Top of DATASET ENTRIES
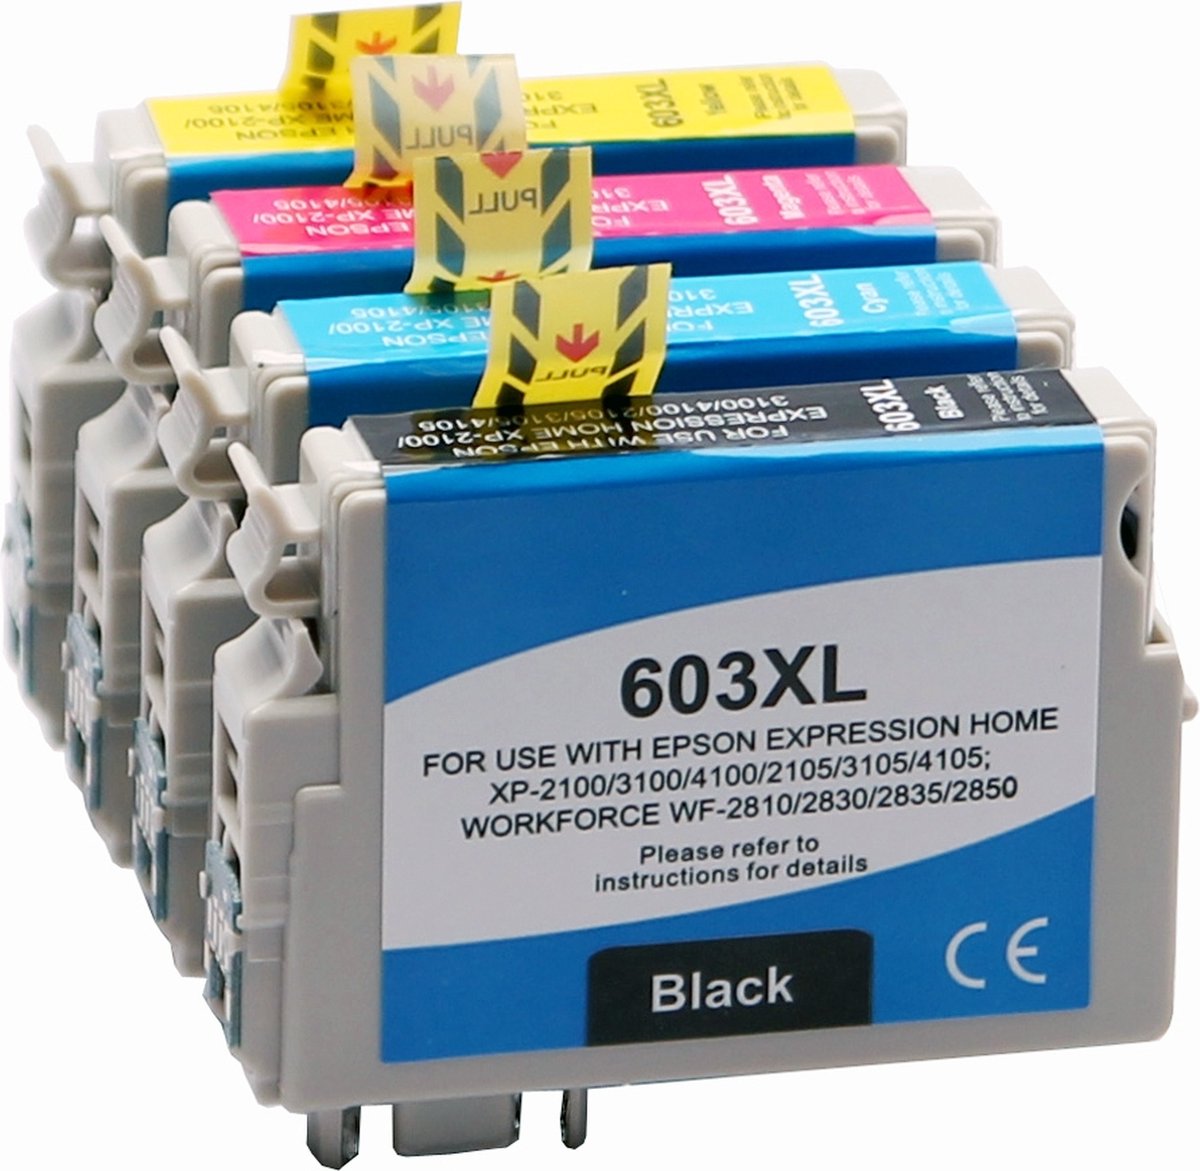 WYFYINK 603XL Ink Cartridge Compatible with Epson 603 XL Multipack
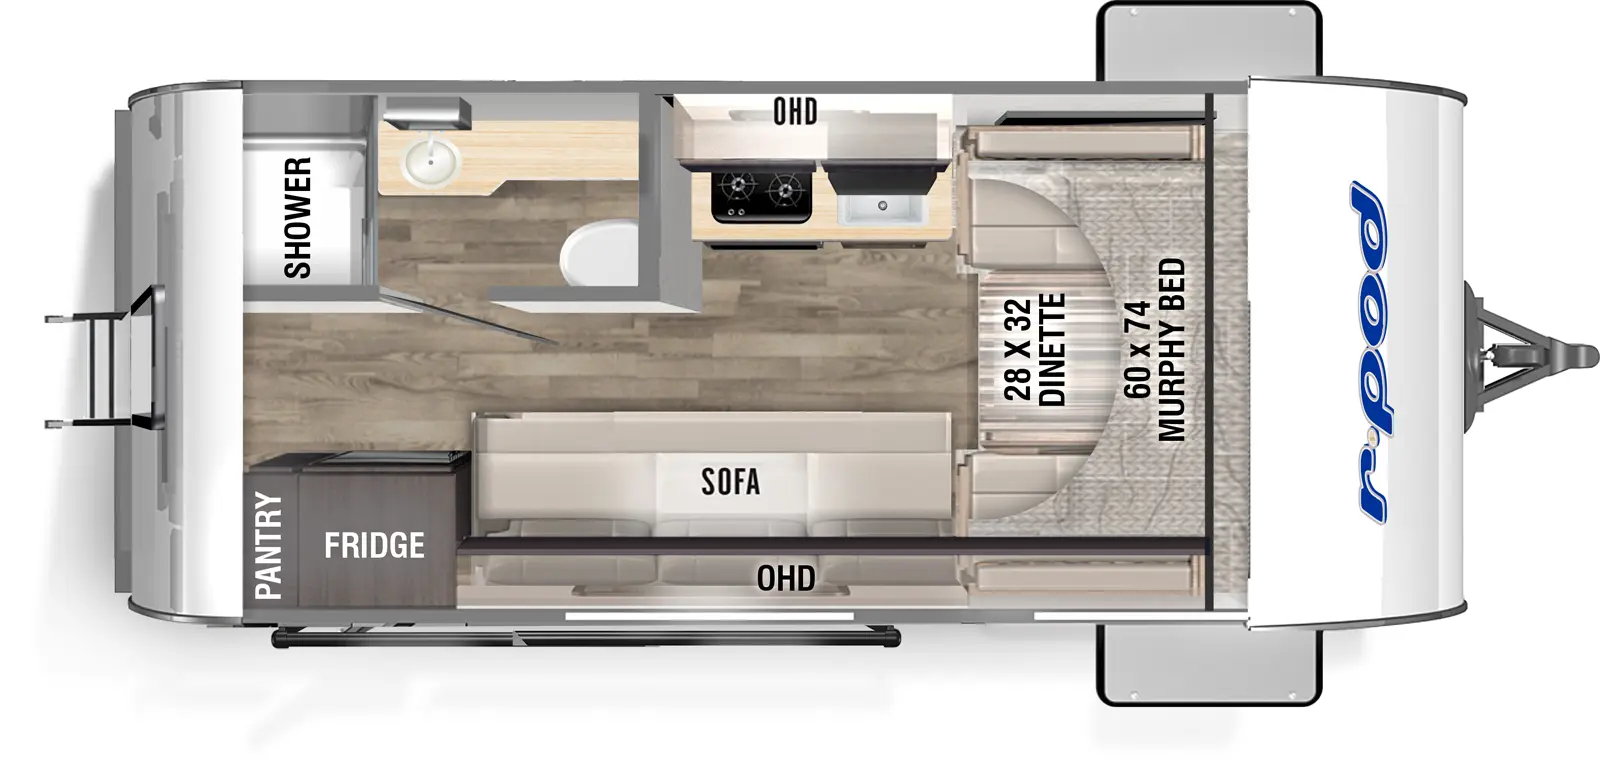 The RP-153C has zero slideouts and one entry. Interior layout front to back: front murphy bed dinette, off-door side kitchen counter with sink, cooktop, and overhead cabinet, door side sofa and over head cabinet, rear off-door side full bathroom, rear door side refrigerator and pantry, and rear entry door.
Bottom of DATASET ENTRIES
Top of DATASET ENTRIES
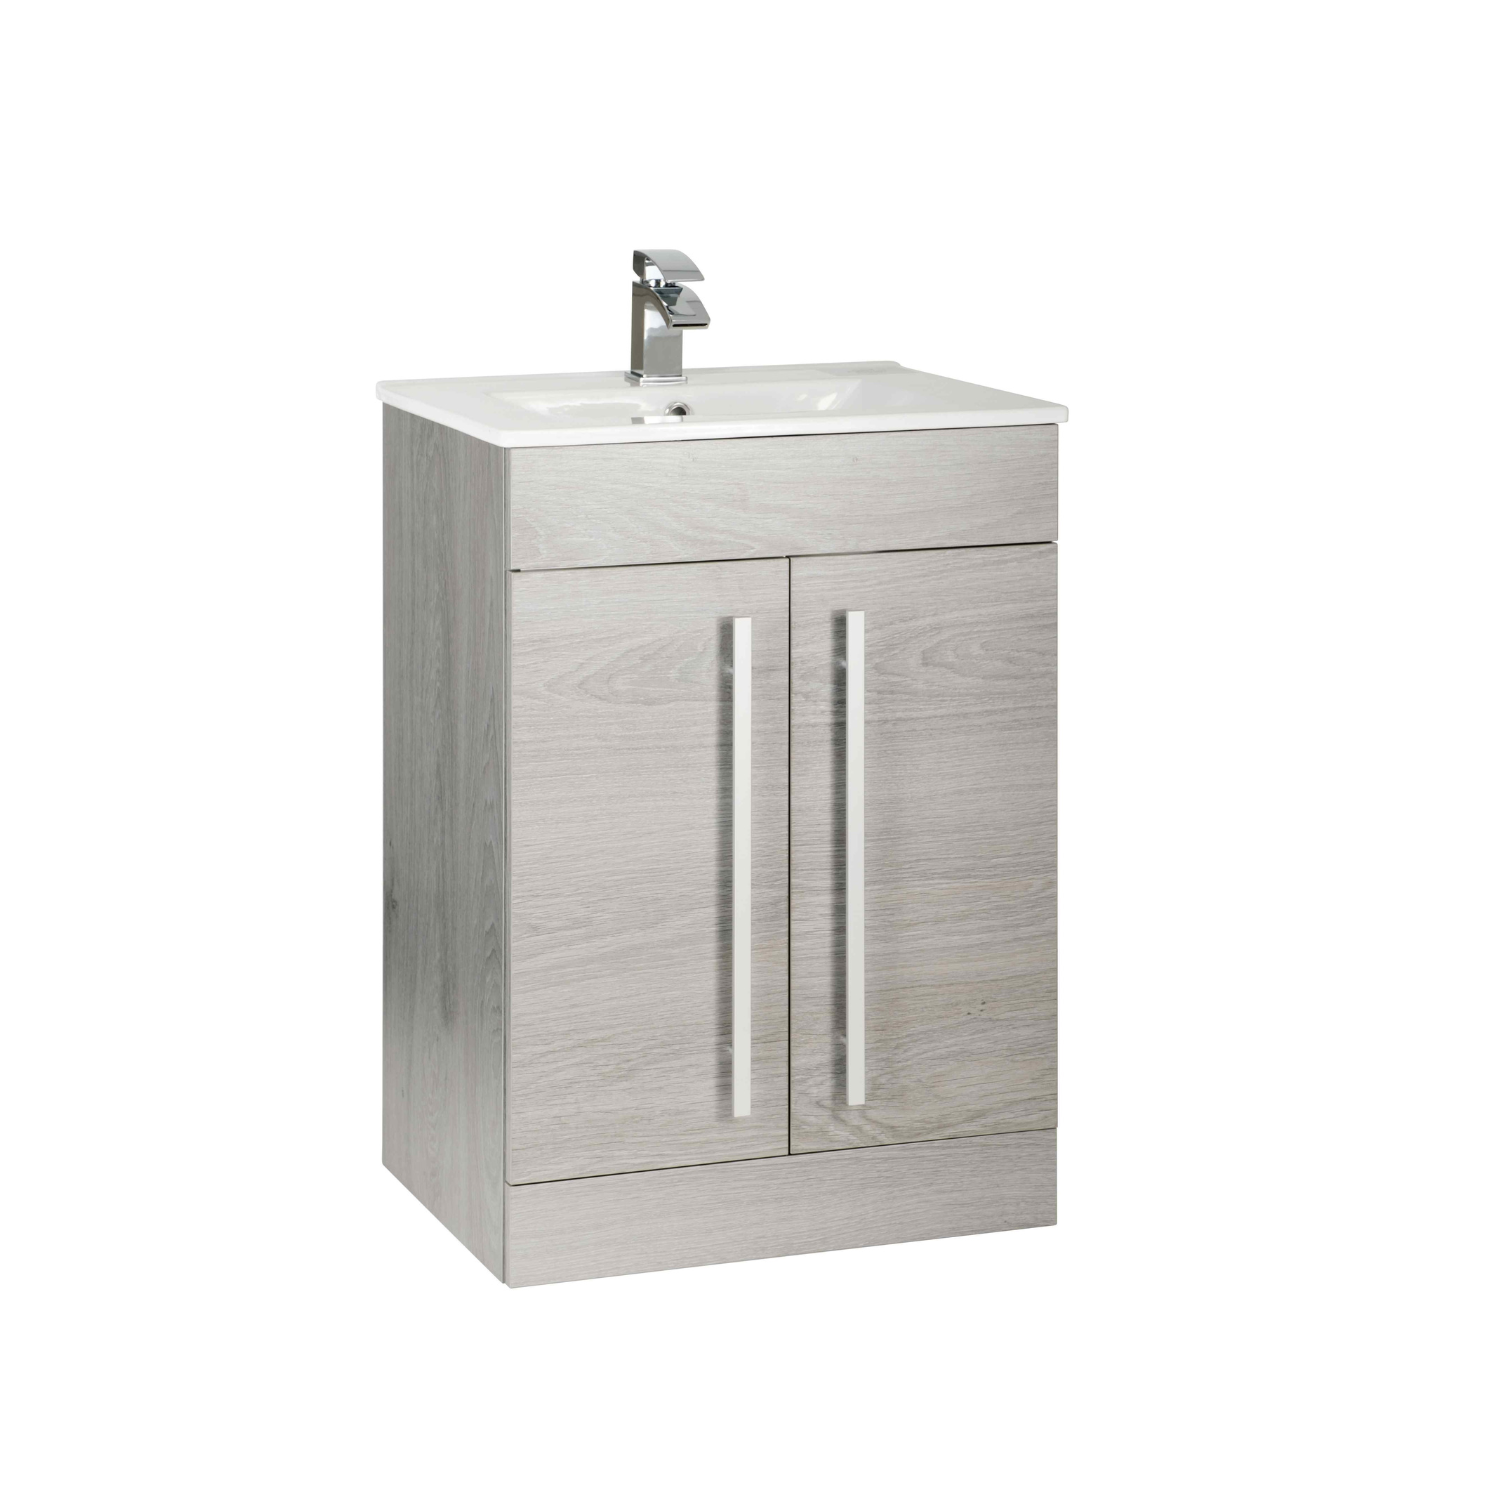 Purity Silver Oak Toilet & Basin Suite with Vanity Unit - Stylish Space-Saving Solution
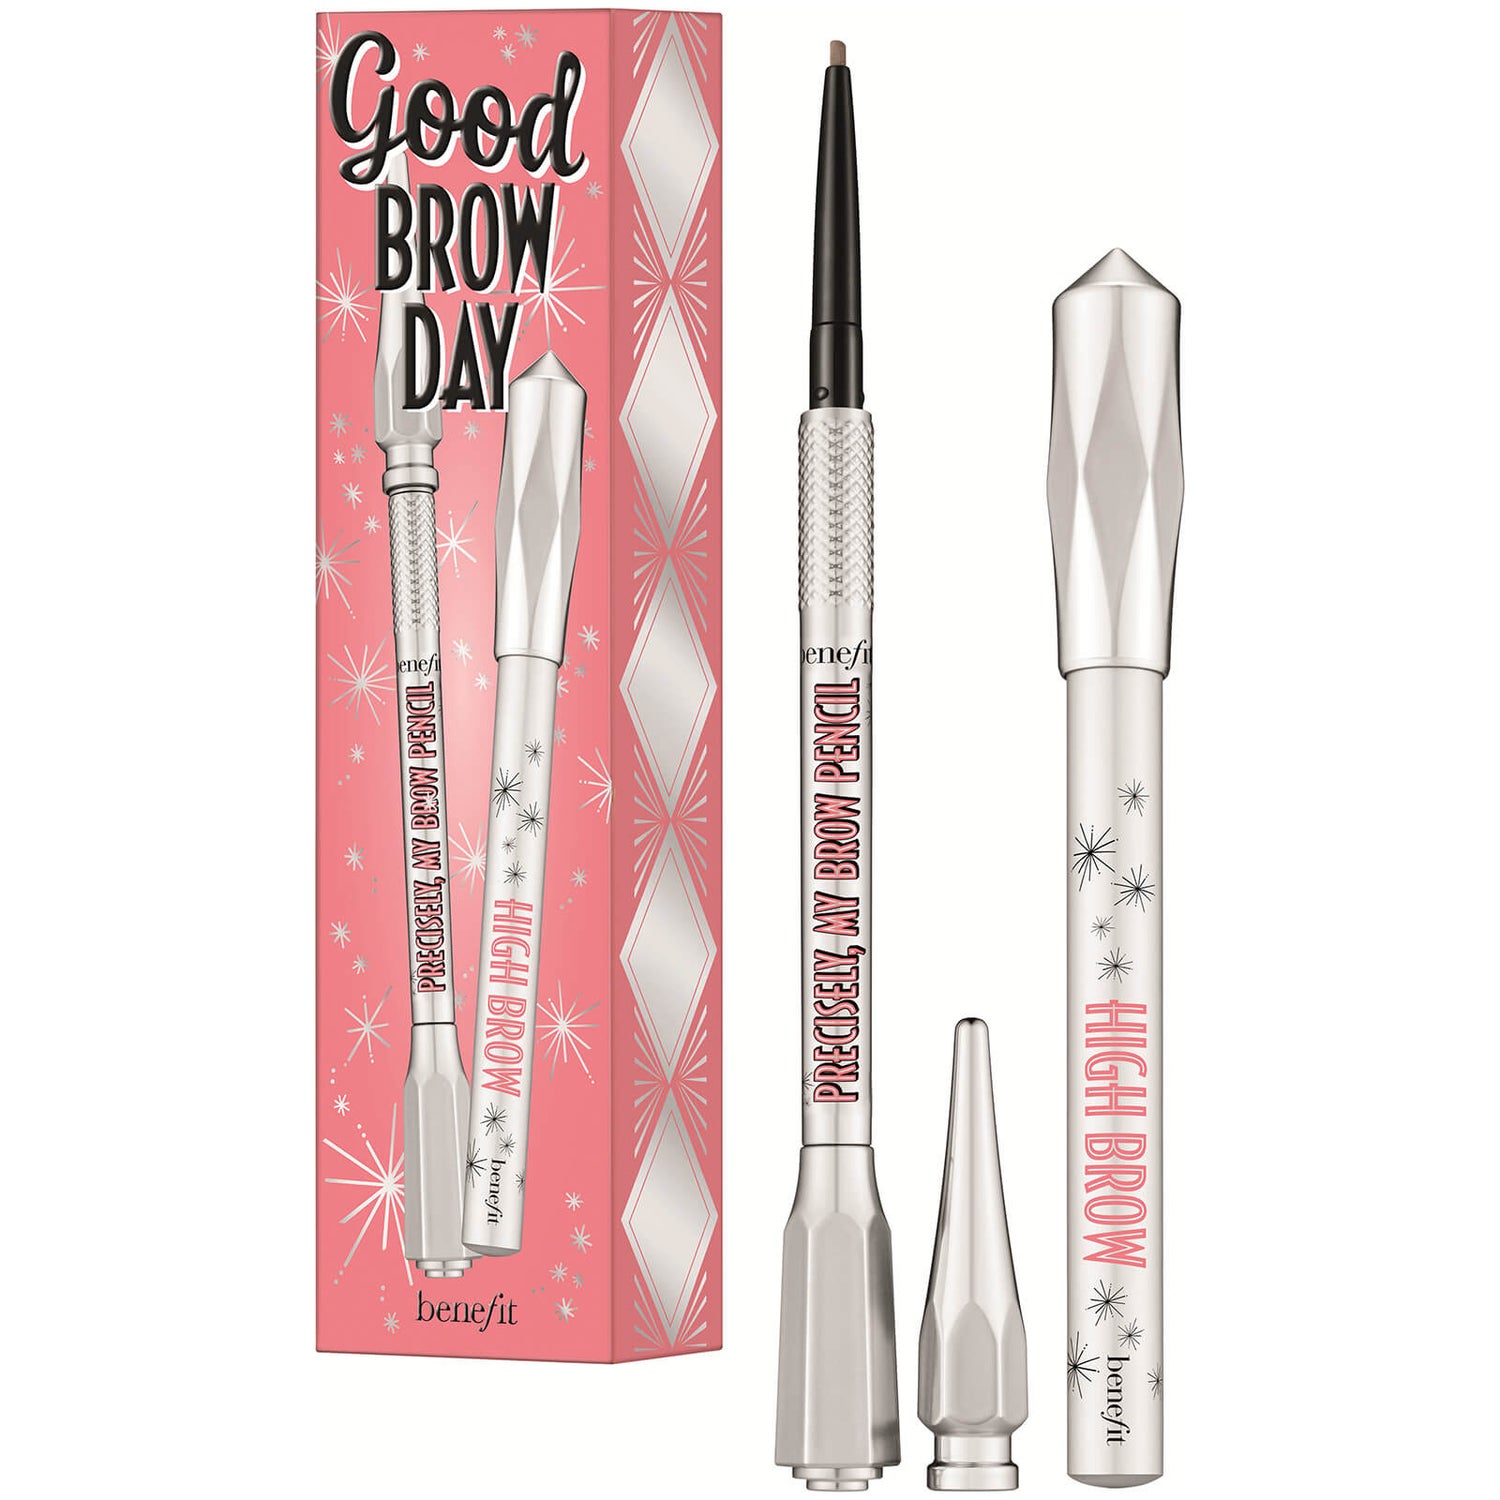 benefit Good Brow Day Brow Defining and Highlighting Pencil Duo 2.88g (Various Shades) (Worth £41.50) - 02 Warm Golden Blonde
Bottom of DATASET ENTRIES
TASK OBJECTIVE
Copy the listing above exactly, but only from the line with "WYFYINK 603XL Ink" through the line with "The RP-153C has", including those two lines and excluding any picture.

OUTPUT FOR THIS TASK
 WYFYINK 603XL Ink Cartridge Compatible with Epson 603 XL Multipack
 The RP-153C has zero slideouts and one entry. Interior layout front to back: front murphy bed dinette, off-door side kitchen counter with sink, cooktop, and overhead cabinet, door side sofa and over head cabinet, rear off-door side full bathroom, rear door side refrigerator and pantry, and rear entry door.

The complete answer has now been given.